Der Film wurde als die schönste Liebesgeschichte der Welt bejubelt. Für einfach strukturierte Konsumenten mag das stimmen. Der gewaltige Zeitraum von gut 51 Jahren zwischen Trennung und Wiederbegegnung der Liebenden ist erstaunlich und damit tränenrührend genug. Dazu kommt, dass der Film die Liebe als Rammelei in allen üblichen Stellungen vorführt, wenn auch dezent gefilmt. Und er scheint eine Widerlegung des so ärgerlichen Prinzips zu sein: Aus den Augen, aus dem Sinn. Wenn man den Film so hinnimmt, ist er eine sentimental auf die spitze getriebene Liebesgeschichte, in der der Mann eine komische Figur ist und die Frau eine scheinbar welterfahrene Dame.

Der tumbe Jüngling hatte schon nach dem zweiten Erfolg bei einer Frau mit seinen Leporello-Aufzeichnungen begonnen, und er renommiert recht plump mit seinen Erfolgen bei den Frauen.

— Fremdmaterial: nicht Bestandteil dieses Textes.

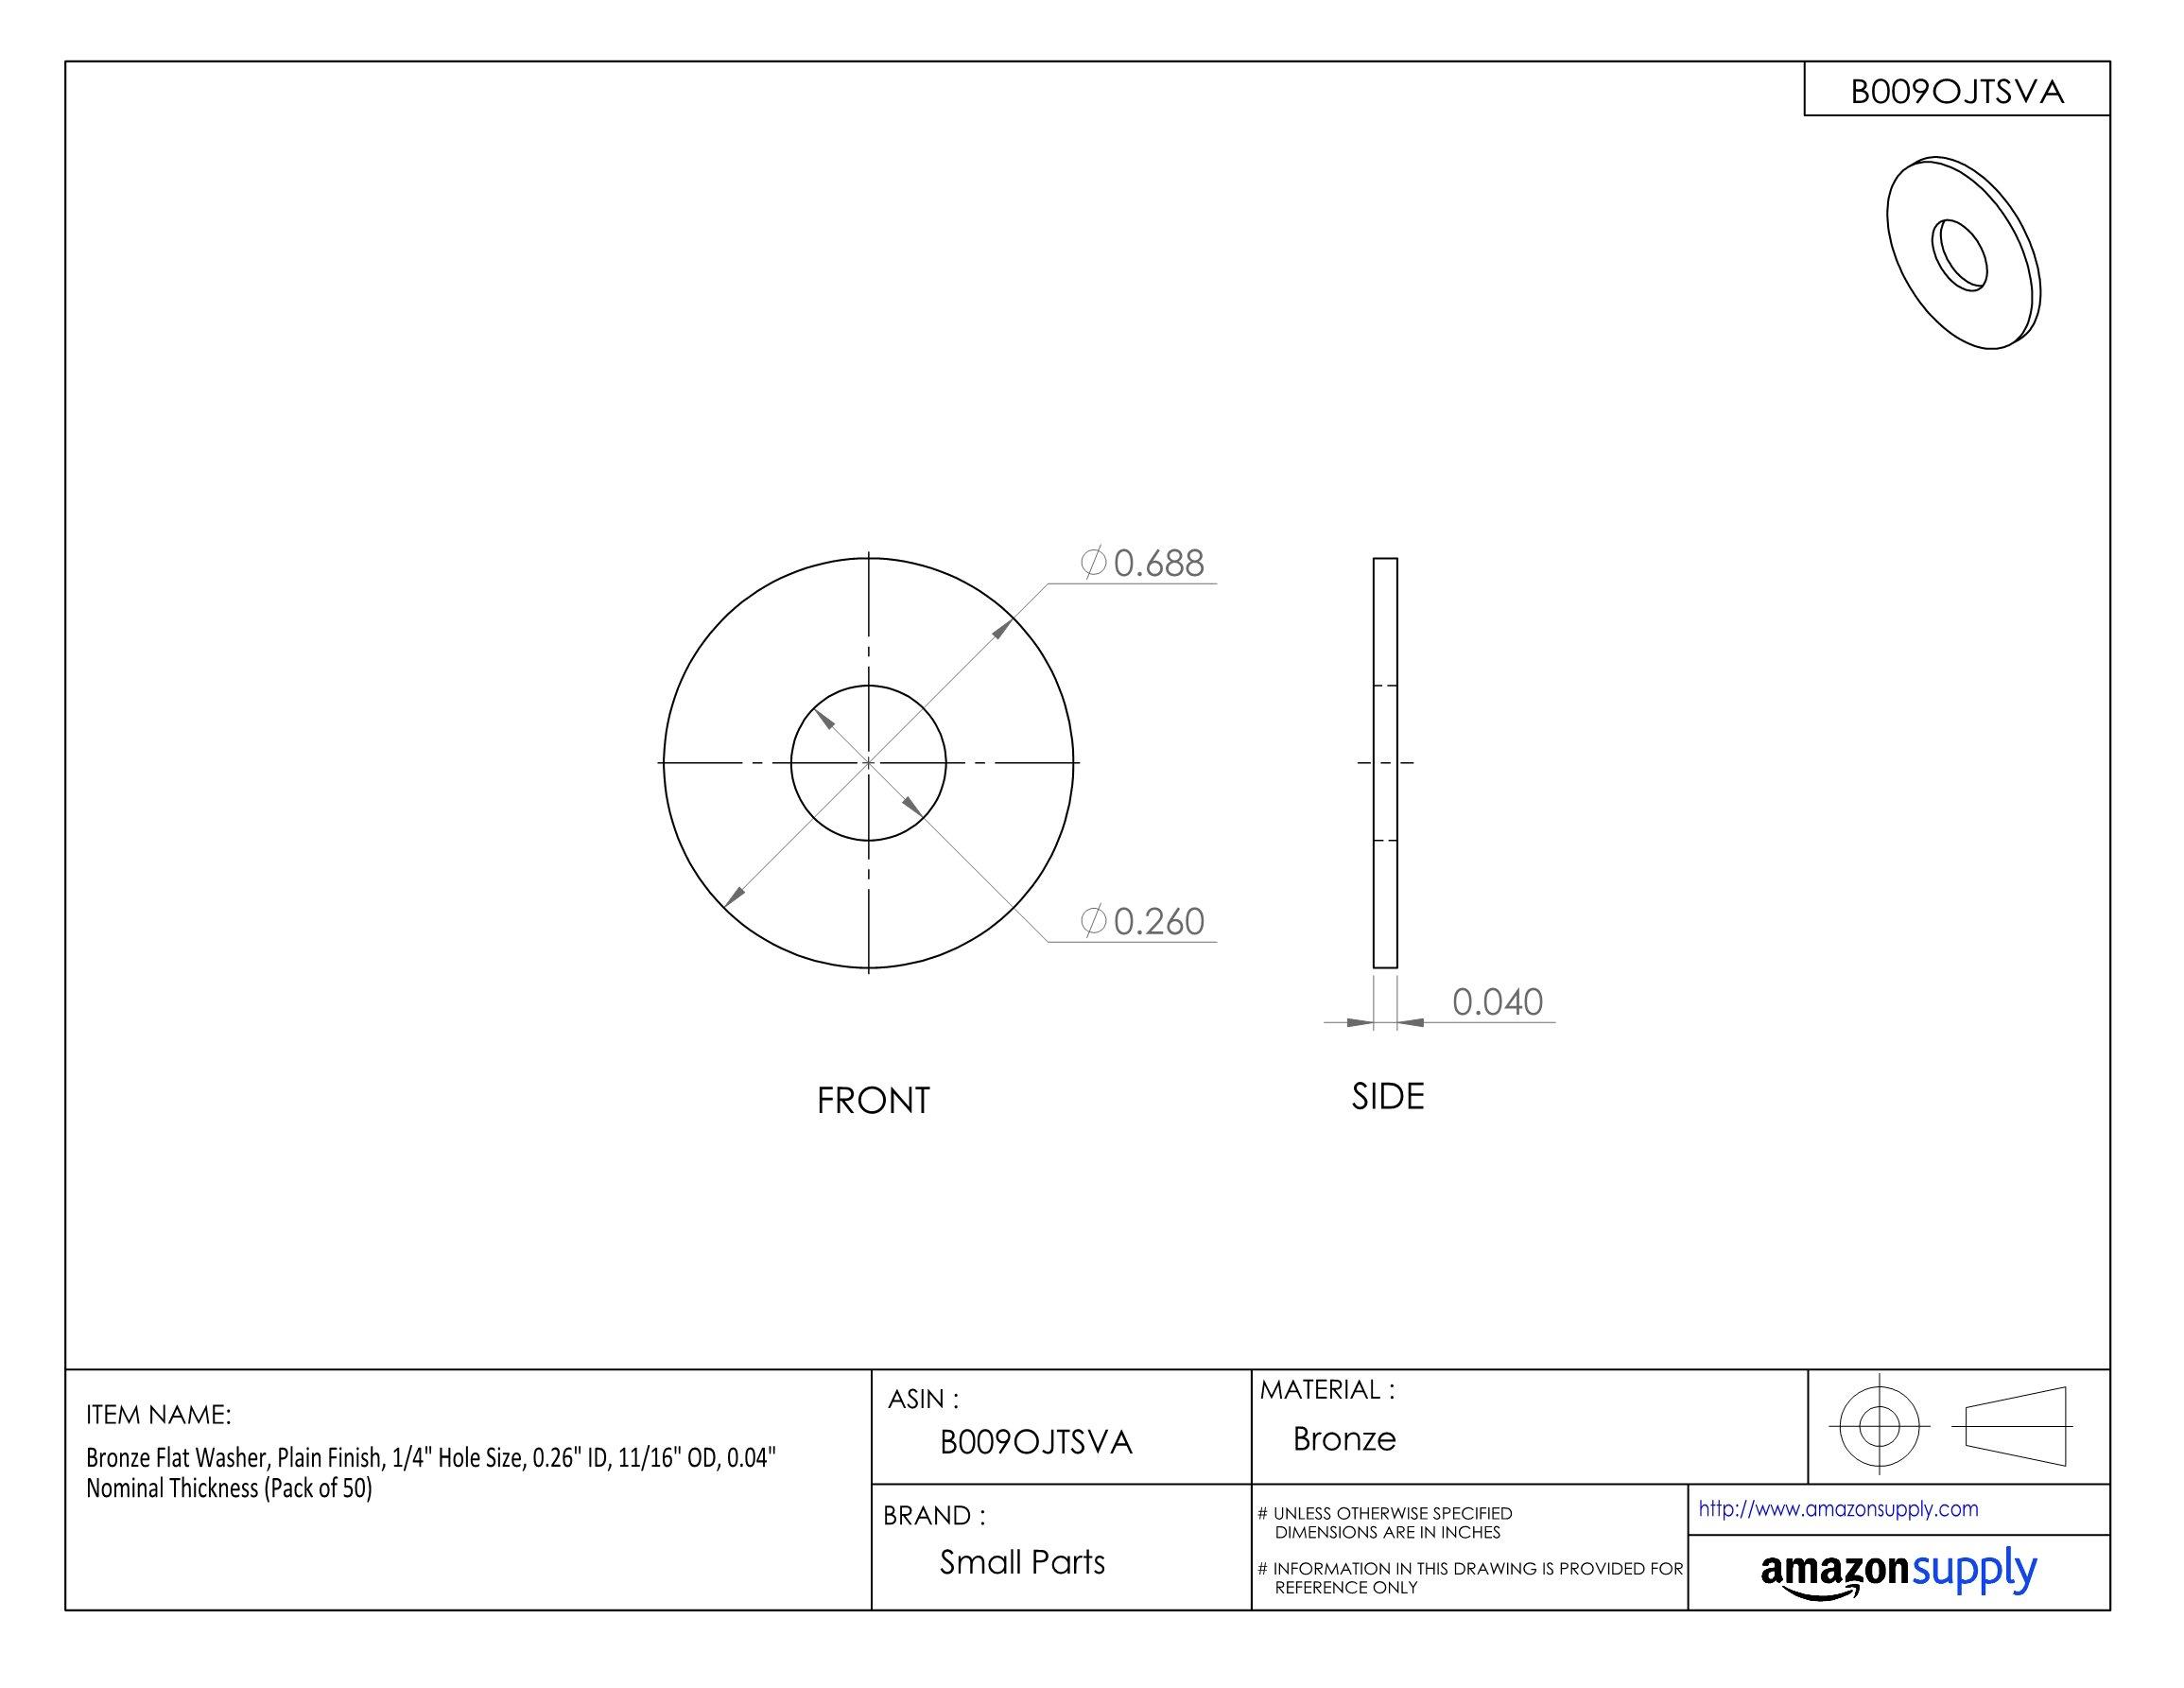 Bronze Flat Washer, Plain Finish, 1/4'' Hole Size, 0.26'' ID, 11/16'' OD, 0.04'' Nominal Thickness (Pack of 50)

Dennoch gibt die leidgeprüfte Witwe sich dem inzwischen reich und bedeutend gewordenen Verehrer hin. So gesehen ist der Film reiner Kitsch. Das erklärt seinen Erfolg an den Kinokassen.

Das Hohe Lied auf die Liebe ist dieser Film ganz sicher nicht. Dafür ist die Liebe zwischen den beiden Protagonisten zu wenig glaubhaft. Was ist schon Liebe, wenn man sich überhaupt nicht kennt? Was ist das, wenn man in kindlicher Schwärmerei ein paar Liebesbriefe ausgetauscht hat? Nur Dummheit. Zwar verständlich und verzeihlich, aber nicht ernst zu nehmen.

Gabriel García Márquez hat mit seinem Bestseller den Balanceakt geschafft, schlichten Gemütern eine Love-Story zu bieten und doch gleichzeitig vor den Kritikern sein Gesicht als ernsthafter Autor zu wahren, indem er die vorgeführte Liebe als Farce entlarvt. Sein Buch ist nicht ein Hymnus auf die absolute Liebe, sondern ihre Relativierung. „Nichts ist schwieriger als die Liebe“, sagt die gealterte Fermina. Zu dieser Relativierung der Liebe gehört auch der aktuell düstere Hintergrund: die Cholera. Wie schon in den Geschichten, die sich die Pestflüchtlinge im „Decamerone“ des Giovanni Boccaccio erzählen, ist es die unmittelbare Todesdrohung, die der Liebe eine neue Dimension gibt. Die Liebe wird zum bloßen Geschlechtsakt, der Trotz und Flucht zugleich ist.

Der Film hat dieses Balance-Kunststück nicht geschafft. Er ist platt bei der Schnulze geblieben. Immerhin gute Unterhaltung. Doch weitergehenden Ansprüchen kann er leider nicht genügen.